Гусман де Альфараче. Часть 1 - [120]
Все уловки и приемы, мне известные, пускал я в ход, особенно когда играл в примеру. А сколько их было! Сдавая всем по четыре карты, я брал себе пять и выкладывал выигрышные. Прежде чем открыть карту, сперва подсматривал, хорошая ли, а если нет, преспокойно открывал другую, уже проверенную, и выигрывал партию, плутуя без зазрения. Иногда усаживал рядом с собой помощника, «дьякона», который, притворясь спящим, передавал мне карту под столом. А порой напротив меня пристраивался «командир», который знаками показывал мне карты других игроков, да так хитро, что в жизни не догадаешься! Сколько раз, играя крапленой колодой, я сдавал партнеру пятьдесят два очка, а себе откладывал туза или пятерку, чтобы набрать пятьдесят пять или хотя бы пятьдесят четыре и выйти с лучшей игрой!
Когда же мы садились вдвоем против одного, игра была верная — обмениваемся картами, подбираем сброшенные и кладем их сверху, сговариваемся с «приманщиком», передергиваем, подбрасываем, а не то играем меченой колодой, стакнувшись с держателем игорного дома или с продавцом карт.
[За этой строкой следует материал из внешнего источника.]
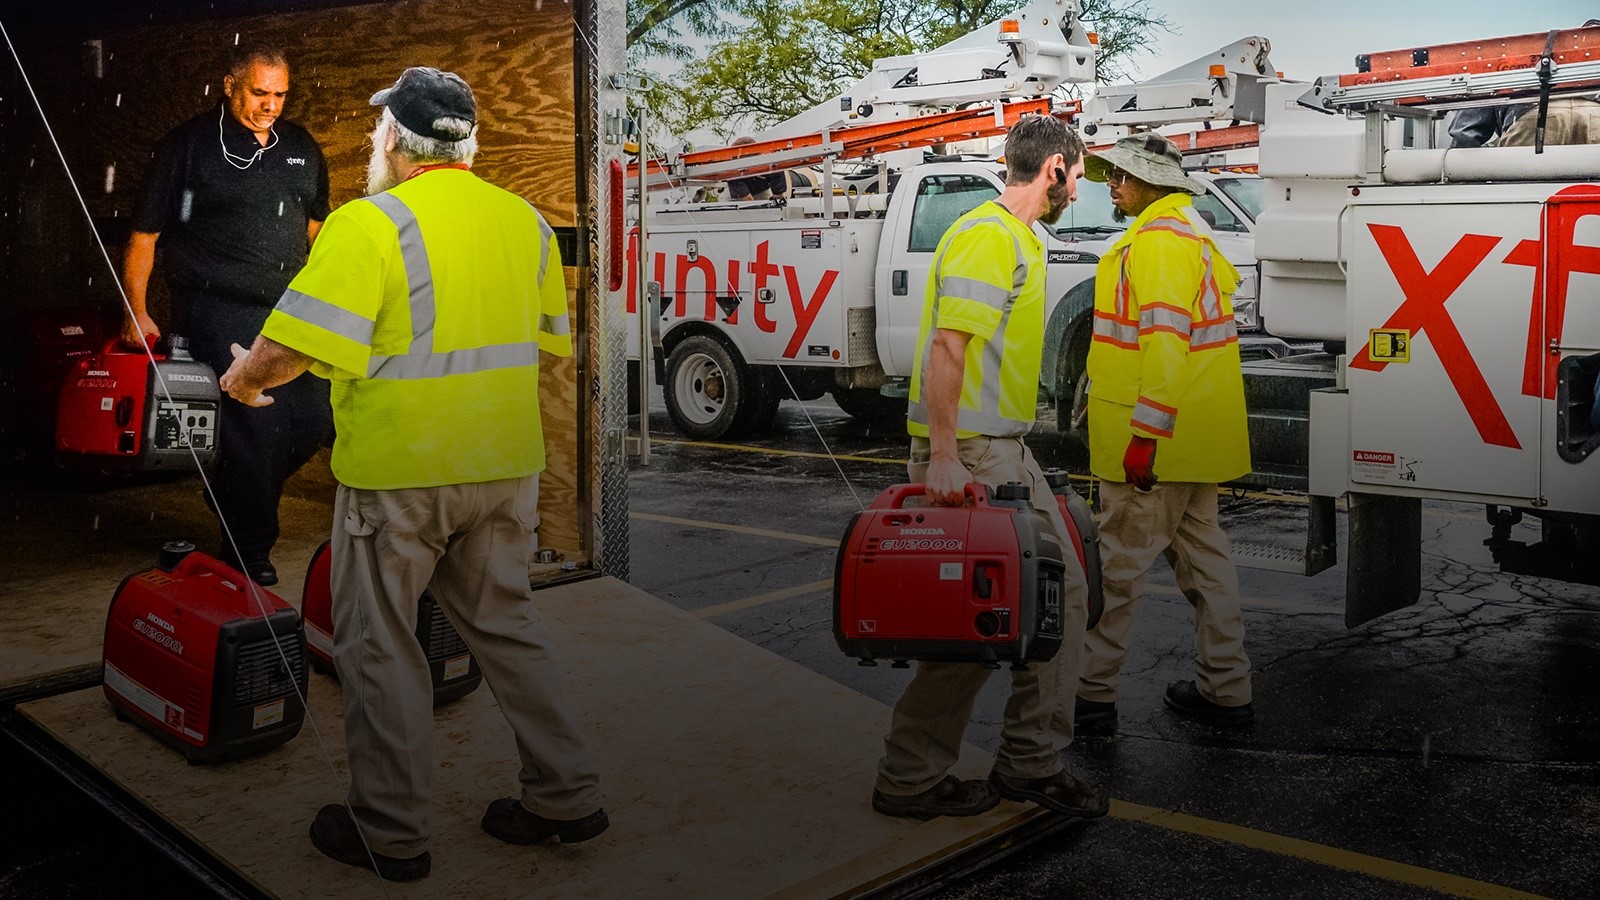 Xfinity response team taking generators from truck

Ох, немало на моей совести обманов и плутней! Все шулерские приемы я превзошел, ничем не брезговал. Игра ослепляет людей настолько, что человеку умелому нетрудно нагреть руки. И будь это дозволено… Да, говорю «дозволено», ибо допускается же существование публичных домов во избежание большего греха. Точно так же хорошо бы в каждом большом городе учредить школы шулерства, где любители карт могли бы изучить все приемы, чтобы не попадать впросак. Ибо плоть наша легко поддается пороку и обращает в пагубную привычку то, что было придумано как невинная забава.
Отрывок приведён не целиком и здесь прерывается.